The army supplied no proof and gave no clarification for the second strike.

“Once you’re working inside a tent, you by no means know what may occur at any second. Your tent or its environment might be bombed – what do you do then?” says Abdullah Miqdad, who’s a correspondent for Qatar-based Al-Araby TV.
“In entrance of the digital camera, I’ve to be extremely targeted, mentally alert, and quick-witted regardless of the exhaustion. However the more durable half is staying conscious of all the things occurring round me and desirous about what I may do if the place I am in is focused,” he instructed the BBC.
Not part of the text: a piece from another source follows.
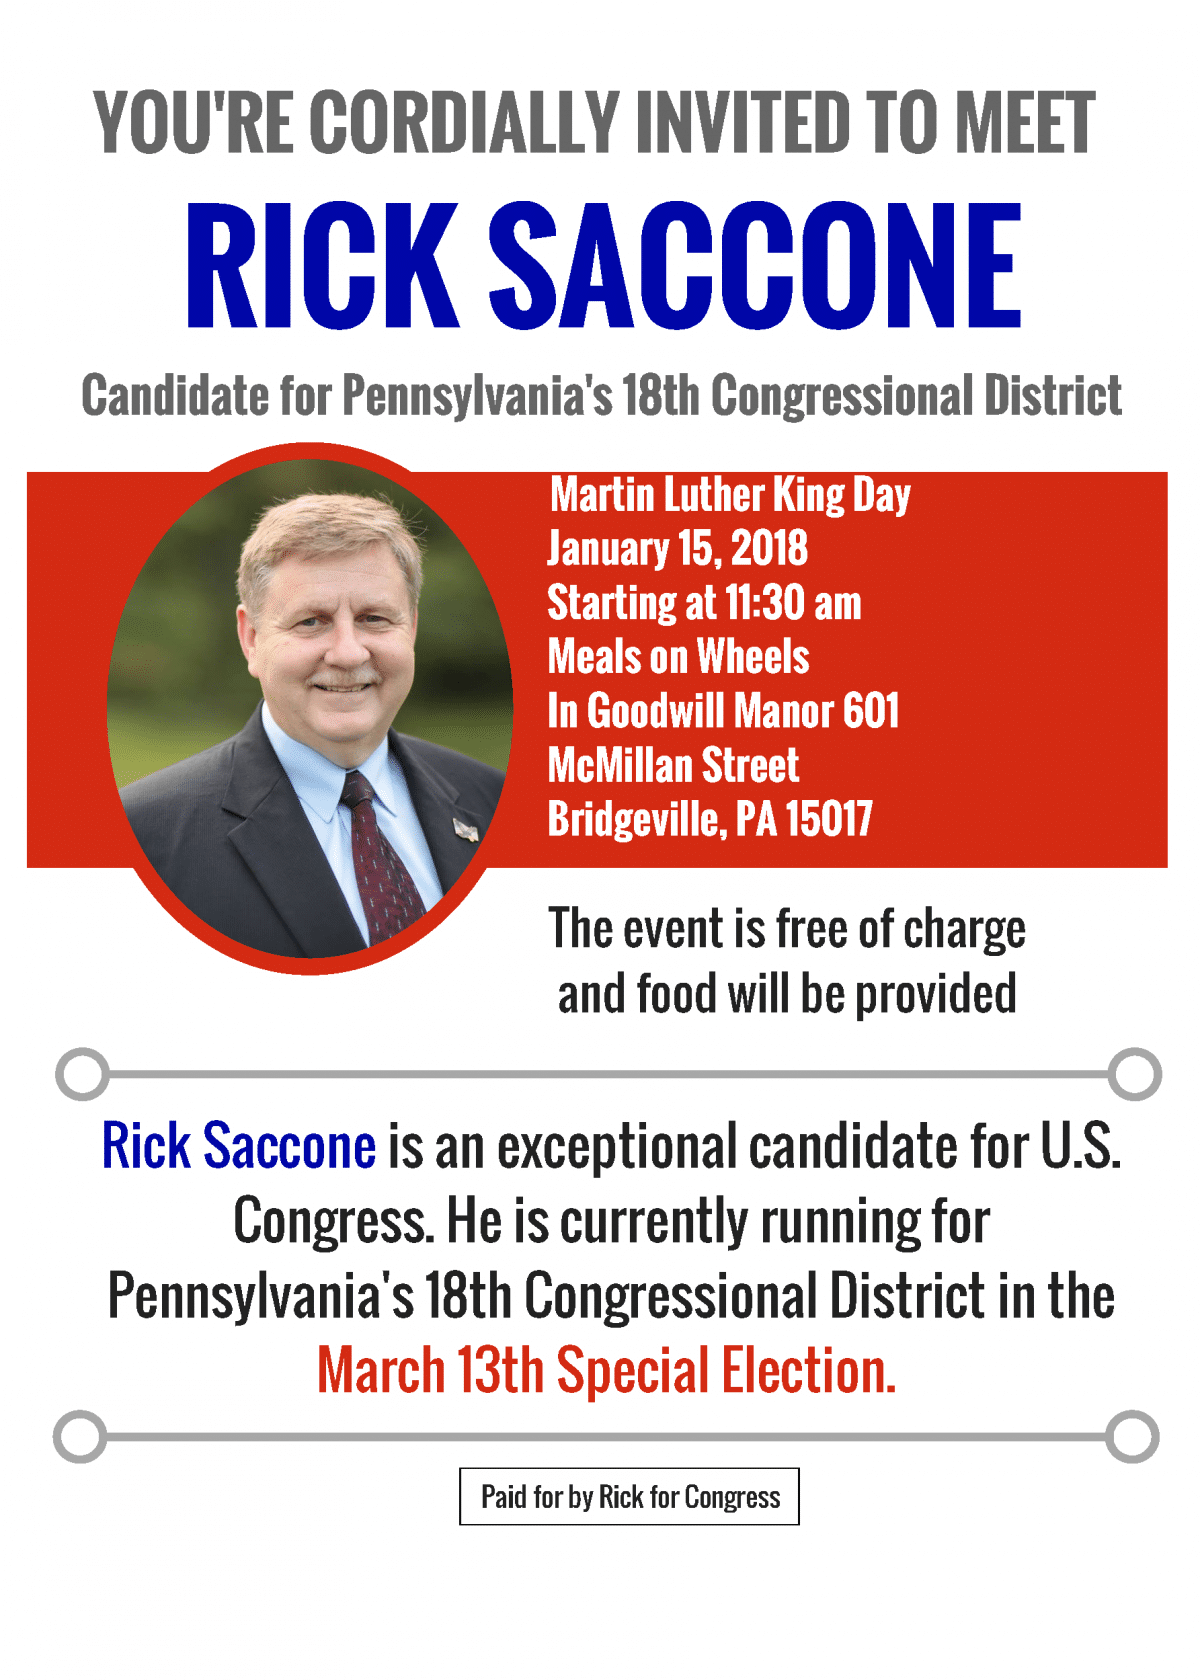 U.S. Congressional candidate Rick Saccone is holding a meet and greet at Goodwill Manor in Bridgeville at 11:30 a.m. on Jan. 15, 2018.

‘We ourselves are hungry and in ache’
Final Friday, famine was confirmed in Gaza Metropolis for the primary time by a UN-backed physique accountable for monitoring meals safety.
The Built-in Meals Safety Part Classification (IPC) reported that greater than 500,000 folks within the Gaza Strip have been going through “hunger, destitution and loss of life”.
The journalists in Gaza are struggling the identical excessive starvation as these they’re protecting.
“A cup of espresso combined with floor chickpeas, or a glass of unsweetened tea, is likely to be all you may devour throughout a complete workday,” says unbiased journalist Ahmed Jalal.
“We endure from extreme complications and fatigue, unable to stroll from the sheer starvation,” he instructed the BBC, “however we nonetheless keep on with our work.”
Ahmed has been displaced many occasions together with his household, but every time he has continued his journalistic work whereas making an attempt to safe meals, water and shelter for his household.
“My coronary heart breaks from the extreme ache once I report the killing of fellow journalists, and my thoughts tells me I is likely to be subsequent… The ache consumes me inside, however I conceal it from the digital camera and preserve working.”
“I really feel suffocated, exhausted, hungry, scared – and I am unable to even cease to relaxation.”
‘We’ve got misplaced the power to precise our emotions’
Ghada Al-KurdGhada Al-Kurd says two years of protecting information about loss of life and starvation has modified her.
“Throughout this warfare, now we have misplaced the power to precise our feelings,” Ghada instructed the BBC. “We’re in a relentless state of shock. Perhaps we’ll regain this means after the warfare ends.”
Till that day comes, Ghada holds again her concern for her two daughters and her grief for her brother and his household, whose our bodies she believes are nonetheless buried beneath rubble following an Israeli strike in northern Gaza early within the warfare.
“The warfare has modified our psyches and personalities. We’ll want a protracted interval of therapeutic to return to who we have been earlier than 7 October 2023.”

Photojournalist Amer Sultan in Gaza assisted in getting ready the report.